Немного погодя в комнату вошли три молоденькие прислужницы в коротких до неприличия греческих хитонах с многочисленными мелко заглаженными складками. В руках девушки держали подносы, на которых дымились горячие блюда.
Девушки были прехорошенькие.
Сотрапезники разом прекратили свои разговоры и впились взорами в полуодетых красавиц, в то время как они легко и проворно расставляли на столе блюда с кушаньями. Всем собравшимся хорошо известно было пристрастие хозяина дома к красивым рабыням, которых он охотно покупал, не жалея денег. И это было неудивительно. Волкаций особенно не скрывал, что занимается сводничеством, не видя в этом ничего предосудительного. В числе нескольких принадлежавших ему доходных домов один был известен на весь город как перворазрядный лупанар[228], где развлекались очень богатые люди.
Самой старшей из трех девушек не было и двадцати лет. Особенно бросалась в глаза необычная красота одной из них, белокурой и светлокожей. Ростом она была чуть повыше остальных и сложена безупречно. Короткий голубой хитон, скрепленный на ее левом плече серебряной фибулой, оставлял почти открытой молодую прелестную грудь и едва прикрывал стройные бедра. Золотистый цвет волос и нежная белизна кожи выдавали ее кельтское или германское происхождение, но в мягких и правильных чертах юной красавицы больше было, пожалуй, от галлогречанки, чем от уроженки суровых заальпийских лесов. Ее большие темно-серые глаза, опушенные стрелами длинных ресниц, таили в себе тот особенный родниковый холодок, который так присущ был малоазийским галаткам.
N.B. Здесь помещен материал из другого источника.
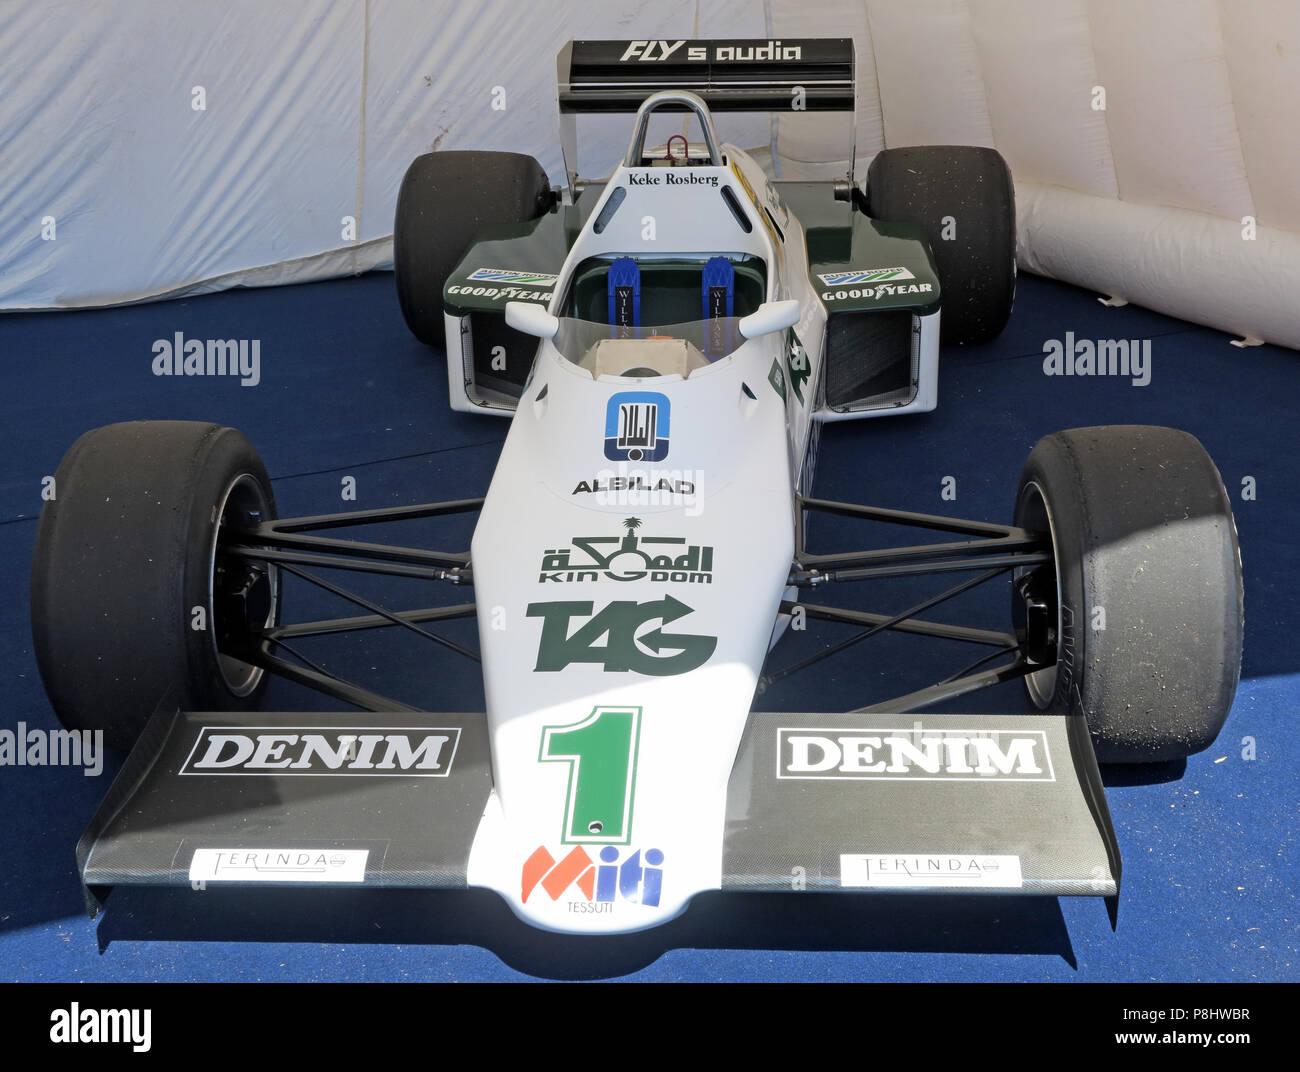 Keke Rosberg / Formula One F1 racing car, sponsored by Denim - Williams Cosworth FW08C driven by Ayrton Senna Stock Photo

На нее чаще, чем на других девушек, тоже очень привлекательных, обращались чувственные взгляды большинства гостей.
— Откуда у тебя такая? — спросил Клодий, повернувшись к Волкацию.
— Ты имеешь в виду вон ту, золотоволосую? — кивнул Волкаций в сторону девушек. — Правда, хороша? Досталась мне почти что даром… И знаешь, от кого? От Аврелия, гладиаторского ланисты. Ты с ним знаком. Он сам предложил мне ее взамен своего проигрыша.
— Она доморожденная? — осведомился Клодий.
— Аврелий рассказал мне, что мать ее родом была из Галлогреции[229] и поначалу принадлежала сенатору Ювентию Тальне, ныне покойному. Видимо, мать в его честь назвала дочку Ювентиной…
— Ты хочешь сказать, что сенатор больше всех постарался, чтобы эта красотка появилась на свет?
— Вполне возможно.
— Она говорит по-латыни?
— Не хуже, чем законнорожденная дочь сенатора. Кстати, греческий она знает тоже благодаря матери, которая, видимо, была более гречанка, чем галатка. Не хочешь ли послушать, как она декламирует греческие стихи?
— Ну, если голос у нее такой же красивый, как и она сама.
Волкаций поднял вверх руку и щелкнул пальцами, чтобы привлечь внимание молодых рабынь, которые, сделав свое дело, уже собирались покинуть триклиний.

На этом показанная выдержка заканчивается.